UAE Foreign Minister Abdullah bin Zayed Al-Nahyan expressed "deep concern" on Saturday over the violence in Aden and called for a "de-escalation".

He "called for a responsible and serious dialogue to end the differences... while maintaining security and stability," the official Emirati news agency reported.

He said the UAE was "exerting all efforts to calm and de-escalate the situation in Aden", adding that the two camps should focus their efforts on fighting the Huthis instead of each other.

He also called on the UN's Yemen envoy Martin Griffiths "to make all possible efforts to end the escalation in Aden".

'Attacks on civilians'

The latest upsurge in fighting flared on Wednesday during the funeral of a senior Security Belt commander killed earlier this month in a drone and missile attack on a training camp west of Aden.

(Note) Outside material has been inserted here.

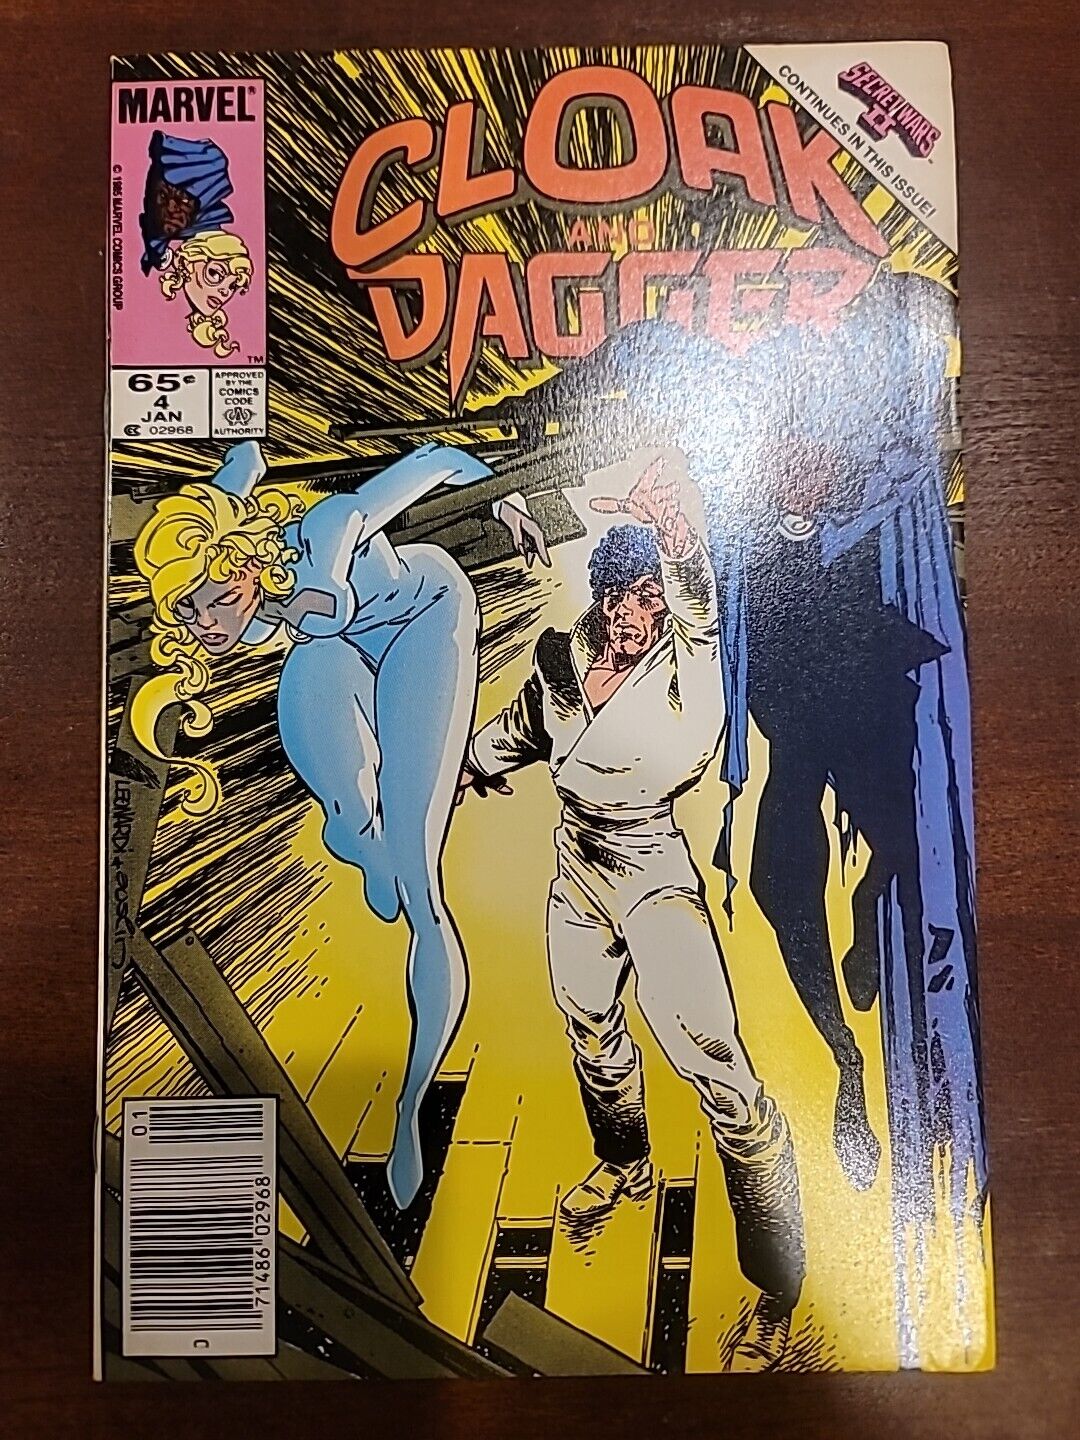 Cloak and Dagger #4 Marvel 1986 VF/NM SECRET WARS EDITION

The commander was among 36 people killed - many of them newly graduated cadets -- in the aerial attack, claimed by the Huthis.

But the separatist STC accused the Islamist Al-Islah party of having killed the commander.

The UN human rights office later accused the Security Belt force of "reportedly carrying out and enabling retaliatory attacks against civilians" from northern Yemen.

Griffiths wrote on Twitter on Wednesday that he was "alarmed by the military escalations in Aden".

The fighting has left at least 18 dead and scores wounded, medics and security sources have said.

On Friday, Doctors Without Borders (MSF) tweeted that it had treated 75 people in one of its hospitals in Aden since Thursday night.

Since 2015, fighting between the Houthis and Yemeni loyalists backed by the Saudi-led coalition has killed tens of thousands of people, mostly civilians, aid agencies say.

The conflict has also forced some 3.3 million people from their homes, according to the UN.

It says over 24 million people, some 80 percent of the population, need humanitarian aid.